== WHAT TO WORK ON ==
Look below for the line that contains "Carovana Della Salute" and the line that contains "famille au quai", then restate both of them and every line in between, exactly. No picture goes in the copy.

== DATA SHOWN ==
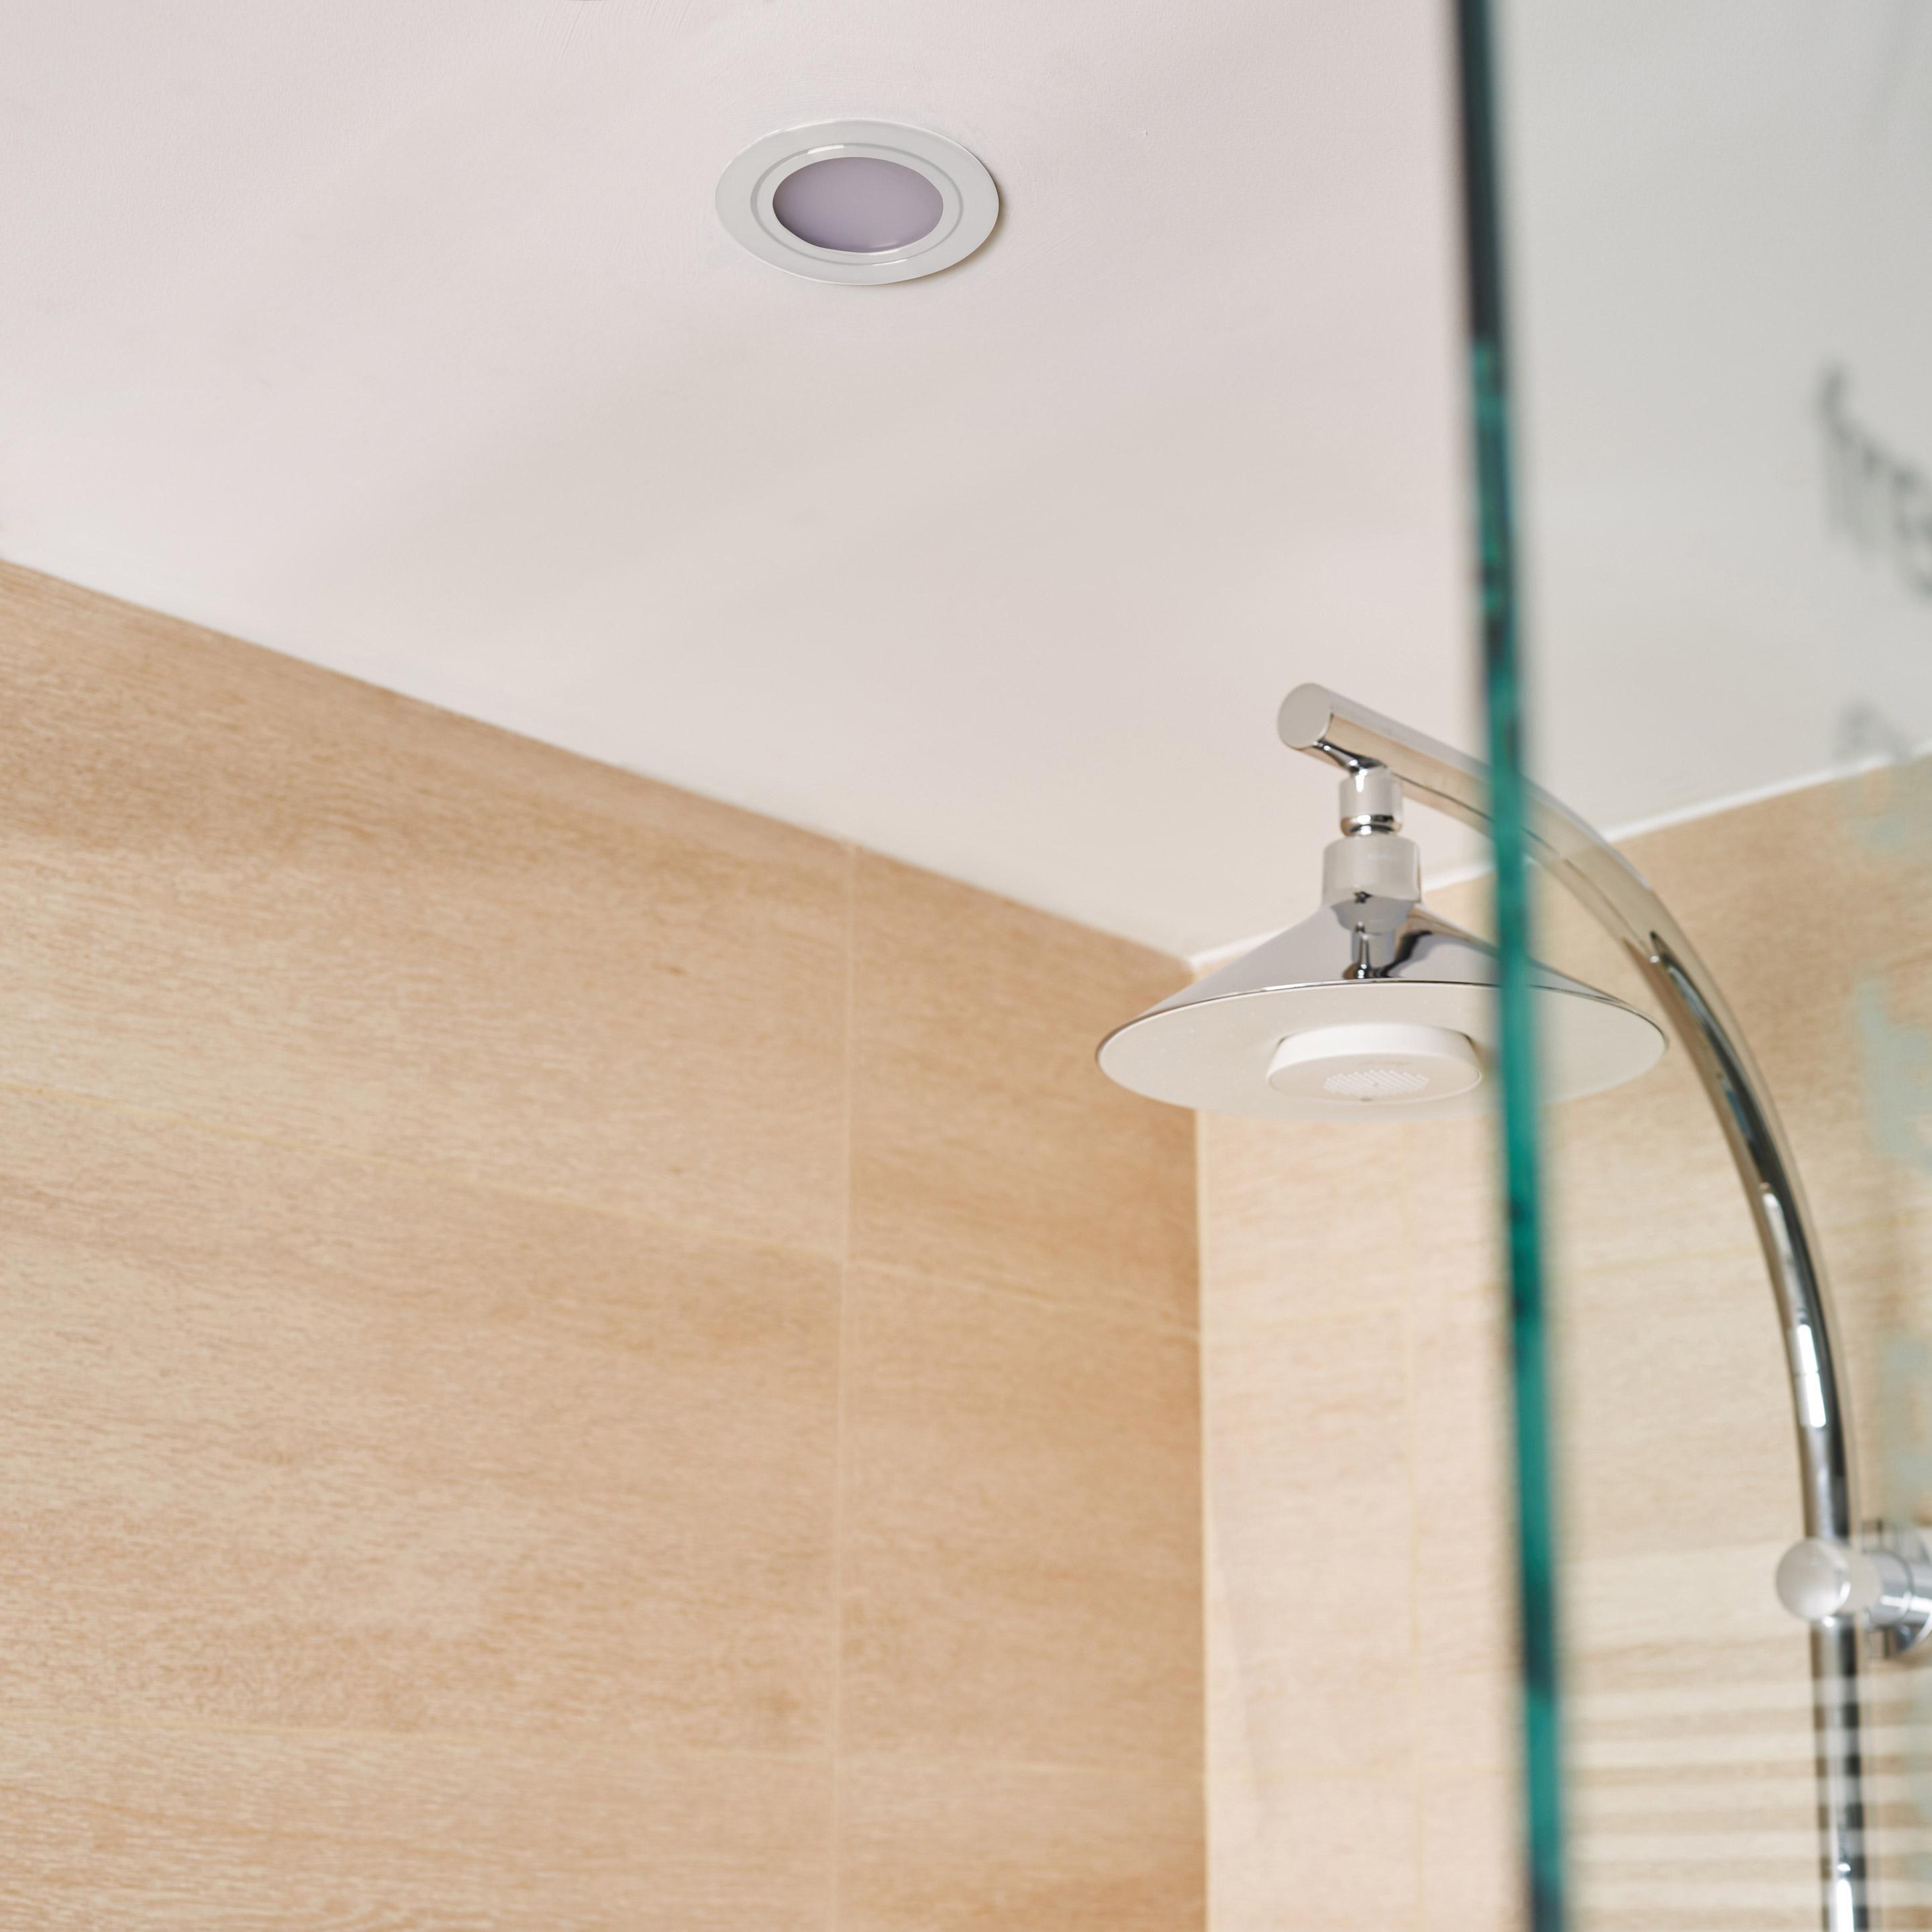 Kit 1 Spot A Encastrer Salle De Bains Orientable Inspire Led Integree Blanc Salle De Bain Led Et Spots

==

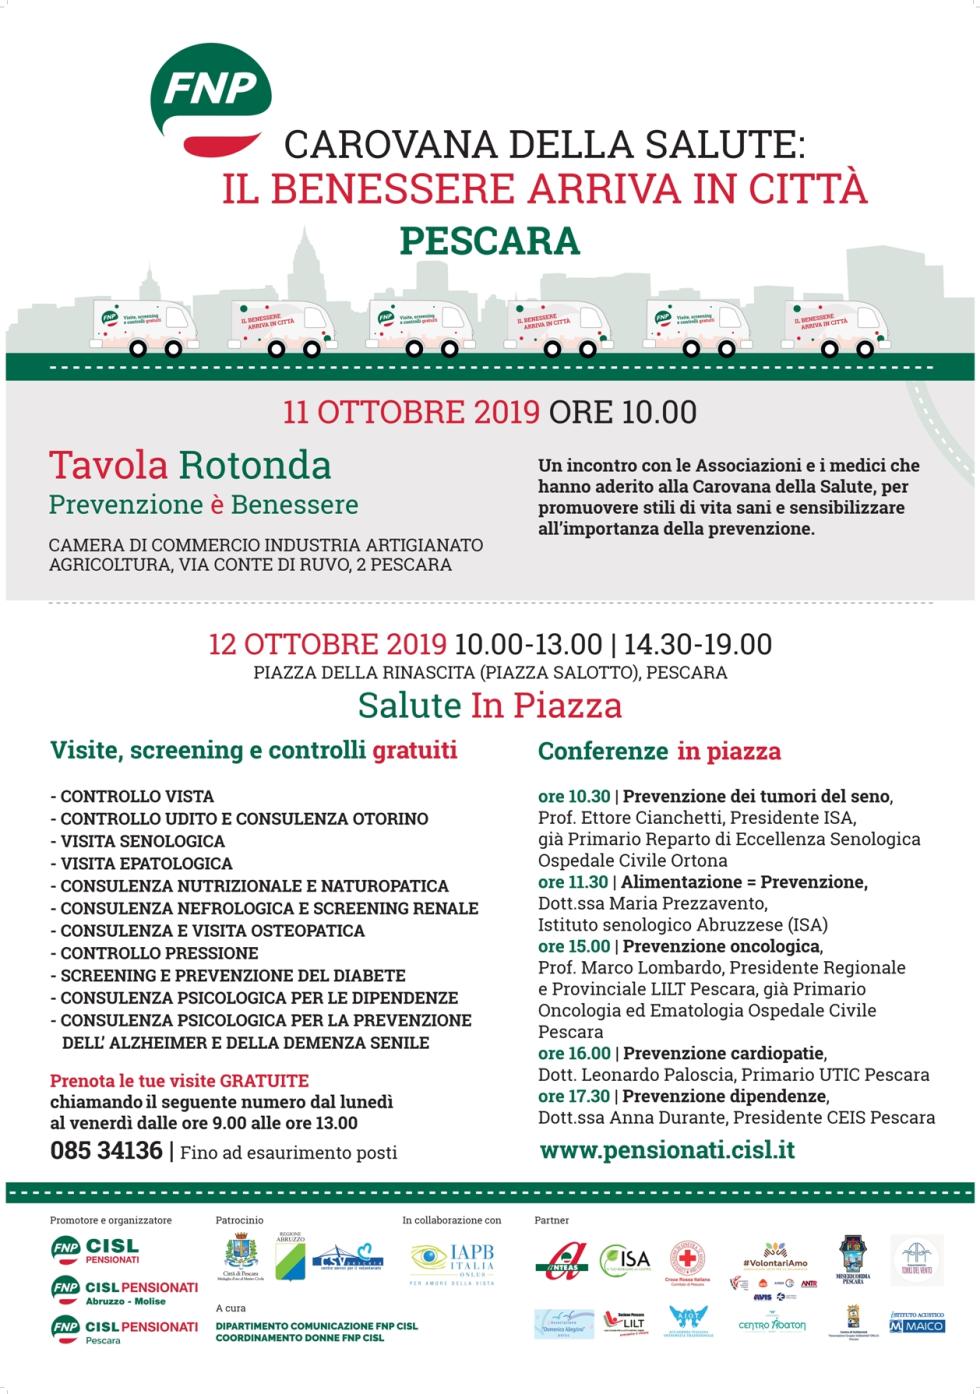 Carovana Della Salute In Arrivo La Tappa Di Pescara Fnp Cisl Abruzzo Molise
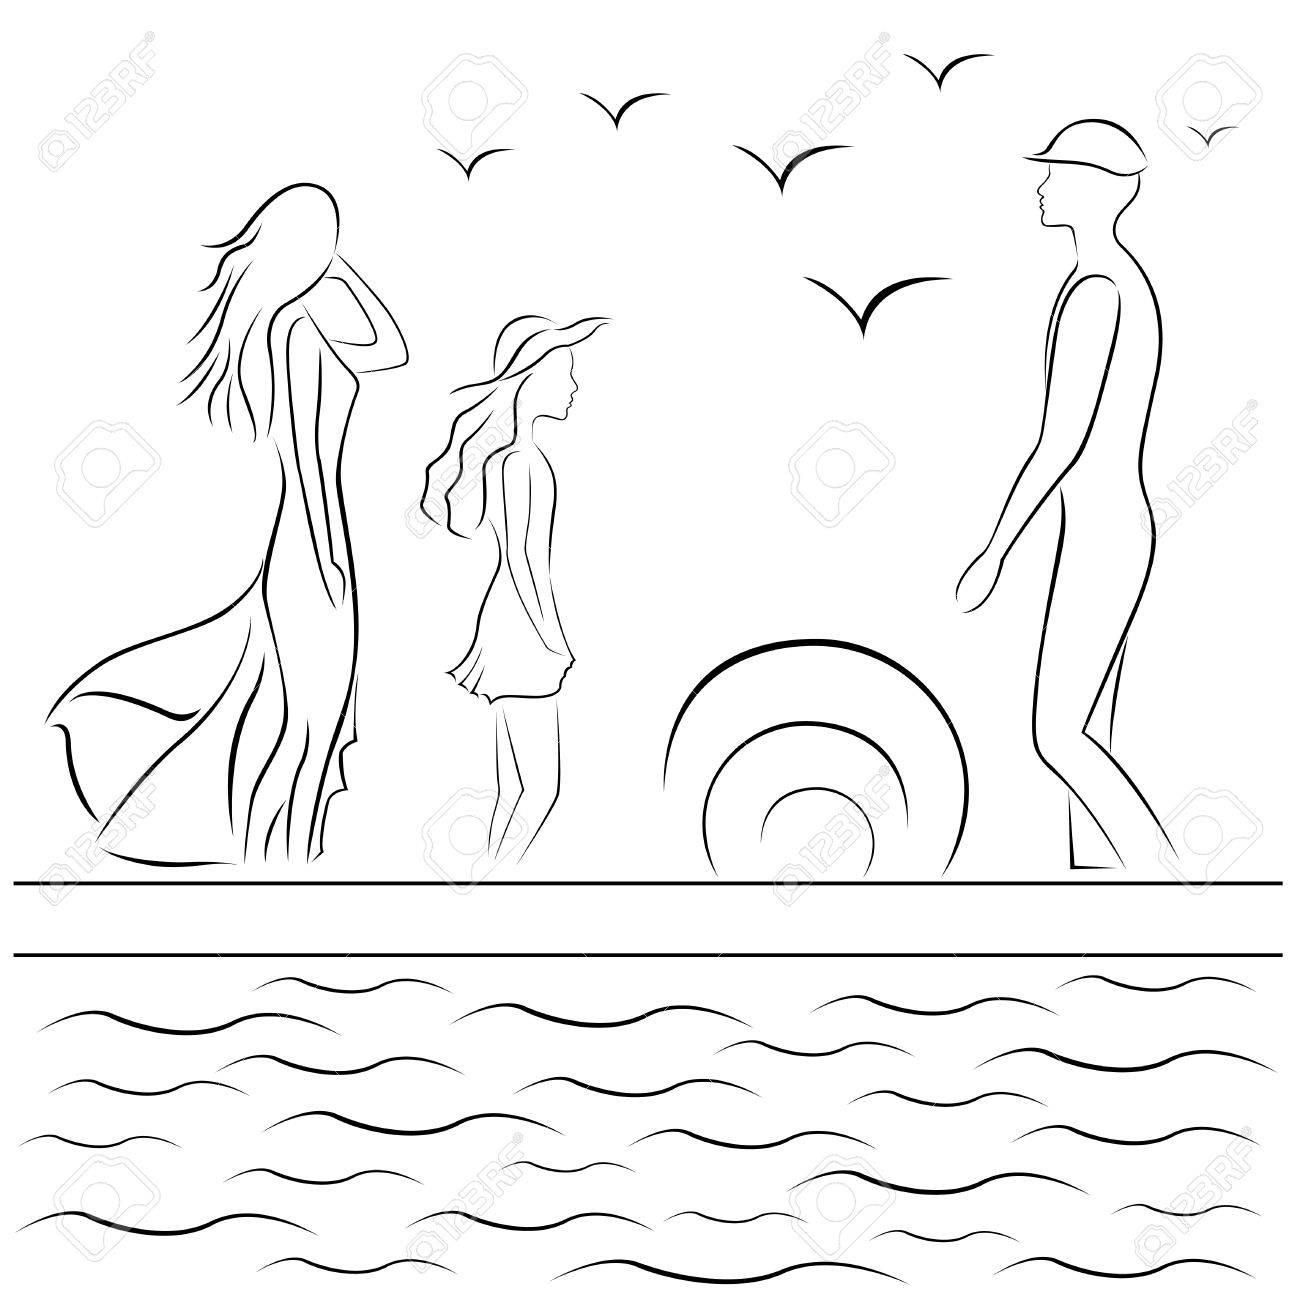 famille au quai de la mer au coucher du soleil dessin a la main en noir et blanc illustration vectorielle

---

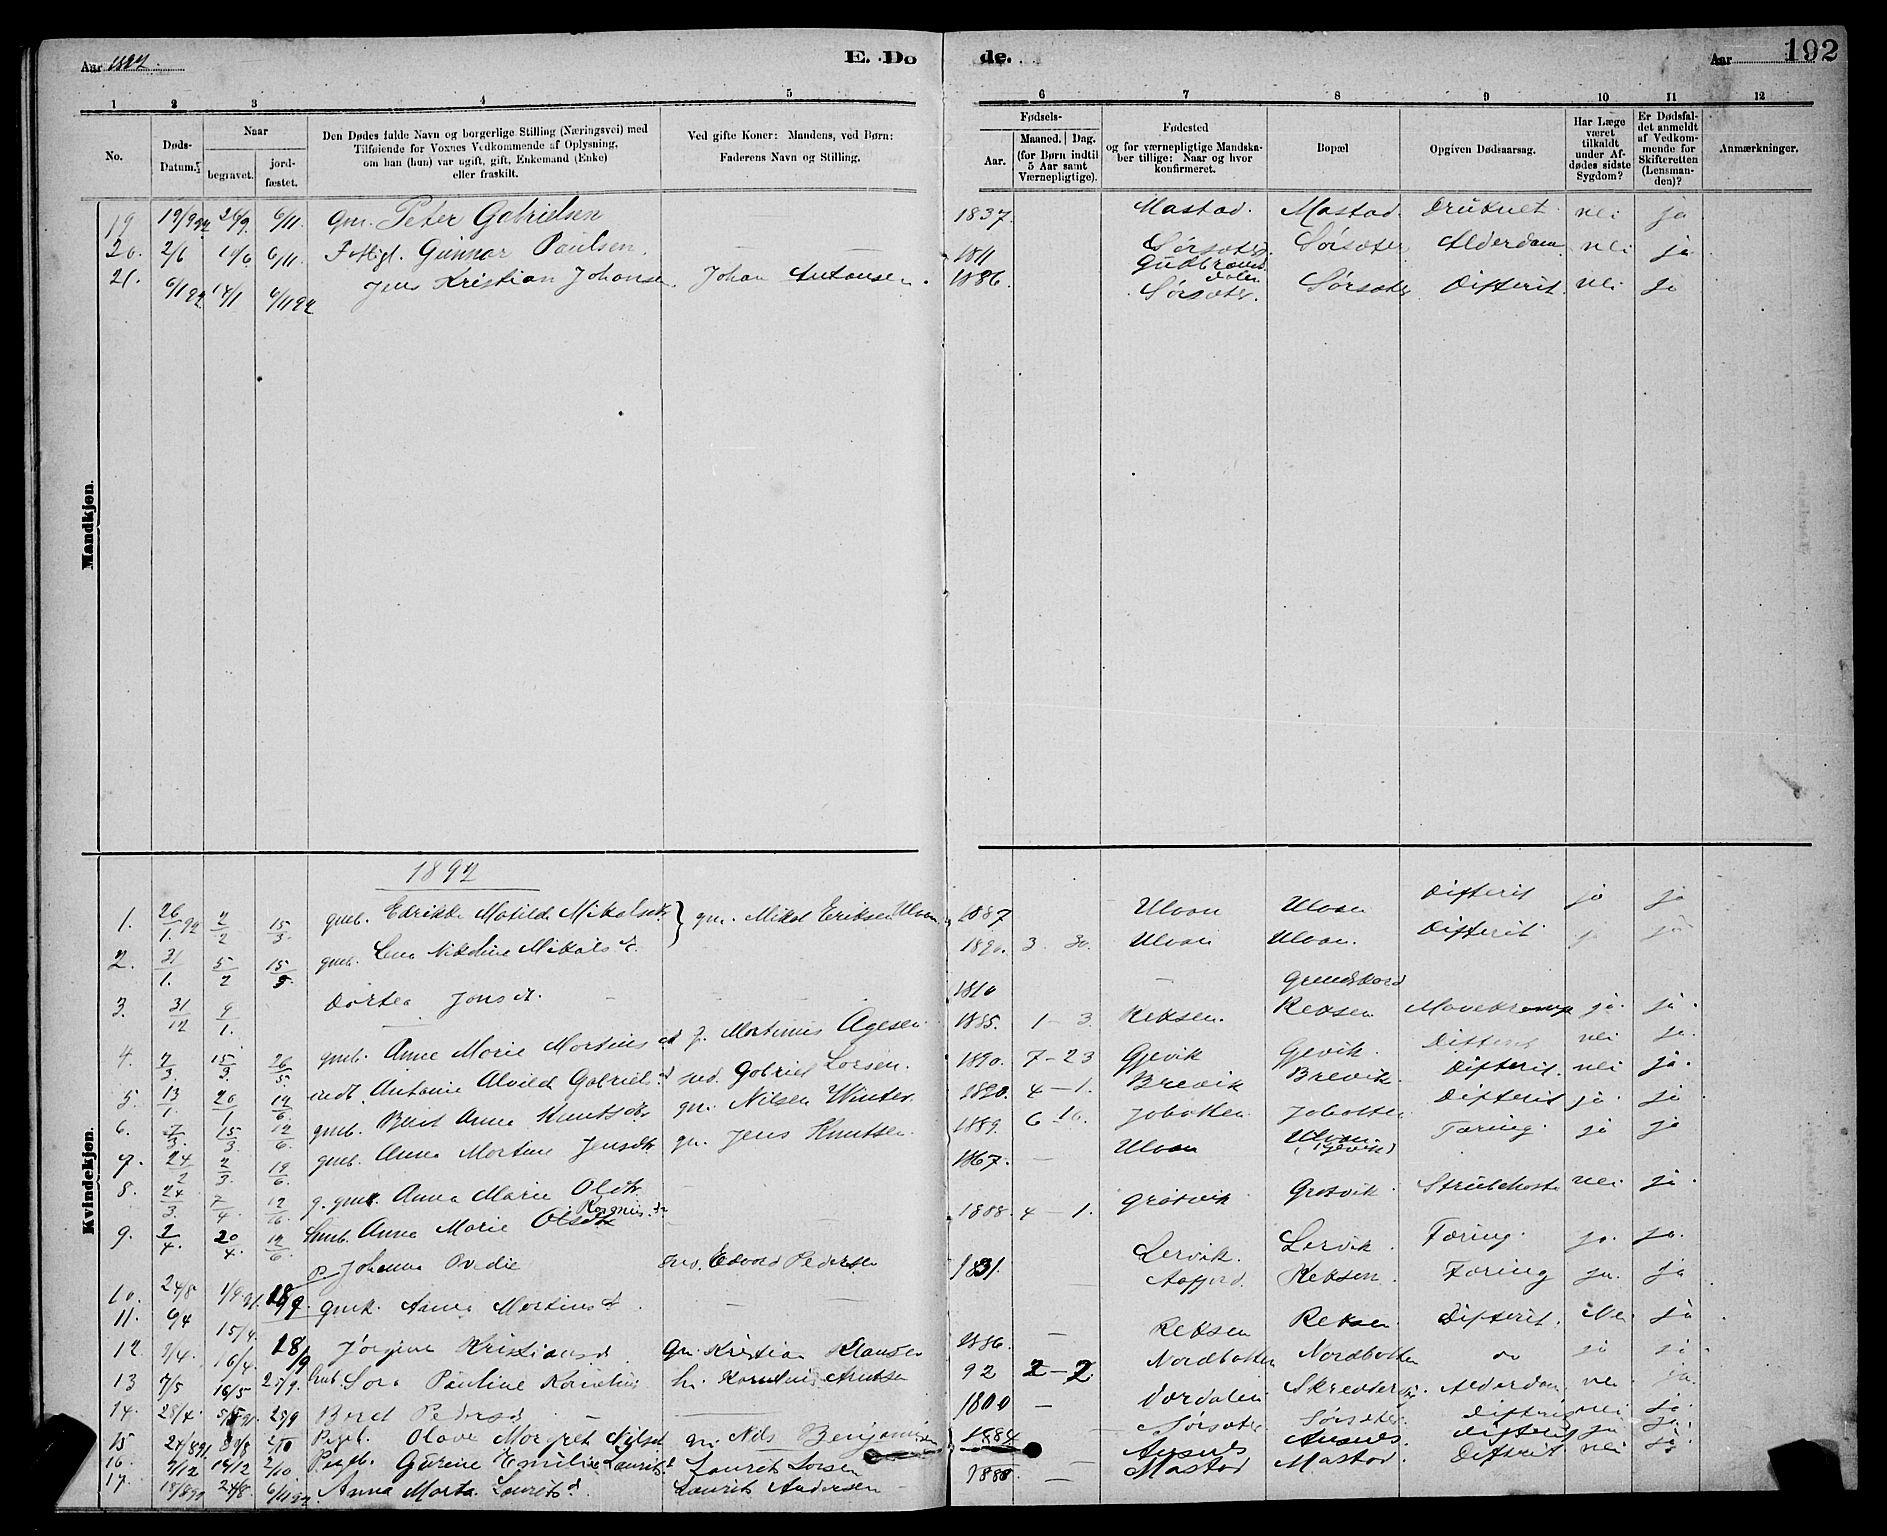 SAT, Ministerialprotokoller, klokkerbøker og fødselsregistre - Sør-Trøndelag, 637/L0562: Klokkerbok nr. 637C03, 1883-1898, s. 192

== FINISHED EXERCISE ==
 Carovana Della Salute In Arrivo La Tappa Di Pescara Fnp Cisl Abruzzo Molise
 famille au quai de la mer au coucher du soleil dessin a la main en noir et blanc illustration vectorielle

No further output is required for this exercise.